### Exercise inputs ###

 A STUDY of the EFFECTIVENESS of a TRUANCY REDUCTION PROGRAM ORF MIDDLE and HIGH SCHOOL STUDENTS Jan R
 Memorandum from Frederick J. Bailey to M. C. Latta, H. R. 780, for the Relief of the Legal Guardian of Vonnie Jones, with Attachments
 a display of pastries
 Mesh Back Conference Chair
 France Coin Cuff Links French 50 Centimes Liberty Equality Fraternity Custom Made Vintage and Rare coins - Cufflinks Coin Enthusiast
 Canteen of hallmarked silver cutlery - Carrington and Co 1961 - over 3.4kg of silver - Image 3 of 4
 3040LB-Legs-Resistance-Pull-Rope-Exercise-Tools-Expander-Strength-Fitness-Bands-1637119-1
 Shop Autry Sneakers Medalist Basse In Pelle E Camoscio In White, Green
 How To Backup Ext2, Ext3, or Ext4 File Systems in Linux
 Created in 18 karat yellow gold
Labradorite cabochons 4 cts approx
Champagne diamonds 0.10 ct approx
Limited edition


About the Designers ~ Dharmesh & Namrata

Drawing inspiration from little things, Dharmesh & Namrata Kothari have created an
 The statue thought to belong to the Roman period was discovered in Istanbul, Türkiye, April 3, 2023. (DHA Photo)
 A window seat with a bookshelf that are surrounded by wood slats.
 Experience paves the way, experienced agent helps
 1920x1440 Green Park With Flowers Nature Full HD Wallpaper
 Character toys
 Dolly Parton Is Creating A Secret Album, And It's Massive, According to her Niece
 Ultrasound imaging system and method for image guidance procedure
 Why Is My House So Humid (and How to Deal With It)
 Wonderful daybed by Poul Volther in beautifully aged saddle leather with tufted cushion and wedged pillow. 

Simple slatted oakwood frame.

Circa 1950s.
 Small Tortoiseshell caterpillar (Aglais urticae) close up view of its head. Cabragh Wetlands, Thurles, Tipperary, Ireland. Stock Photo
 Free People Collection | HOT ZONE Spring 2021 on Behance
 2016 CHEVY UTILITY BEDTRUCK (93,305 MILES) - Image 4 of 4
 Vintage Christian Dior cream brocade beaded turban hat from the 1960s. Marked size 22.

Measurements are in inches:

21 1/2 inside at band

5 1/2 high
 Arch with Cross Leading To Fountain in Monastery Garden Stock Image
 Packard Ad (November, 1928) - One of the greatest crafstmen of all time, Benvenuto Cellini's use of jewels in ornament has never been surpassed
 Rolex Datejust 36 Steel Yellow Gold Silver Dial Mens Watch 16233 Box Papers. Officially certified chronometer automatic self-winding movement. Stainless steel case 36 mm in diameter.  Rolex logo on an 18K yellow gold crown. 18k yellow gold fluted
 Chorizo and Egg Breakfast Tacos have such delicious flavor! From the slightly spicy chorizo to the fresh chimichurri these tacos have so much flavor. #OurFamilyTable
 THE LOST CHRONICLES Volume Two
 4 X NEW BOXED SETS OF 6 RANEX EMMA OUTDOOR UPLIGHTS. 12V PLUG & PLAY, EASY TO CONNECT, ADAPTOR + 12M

###

- **What to do**
Please copy only these lines, exactly: the first line of the records through the line containing "Canteen of hallmarked", ends included.

- **Response to this task**
 A STUDY of the EFFECTIVENESS of a TRUANCY REDUCTION PROGRAM ORF MIDDLE and HIGH SCHOOL STUDENTS Jan R
 Memorandum from Frederick J. Bailey to M. C. Latta, H. R. 780, for the Relief of the Legal Guardian of Vonnie Jones, with Attachments
 a display of pastries
 Mesh Back Conference Chair
 France Coin Cuff Links French 50 Centimes Liberty Equality Fraternity Custom Made Vintage and Rare coins - Cufflinks Coin Enthusiast
 Canteen of hallmarked silver cutlery - Carrington and Co 1961 - over 3.4kg of silver - Image 3 of 4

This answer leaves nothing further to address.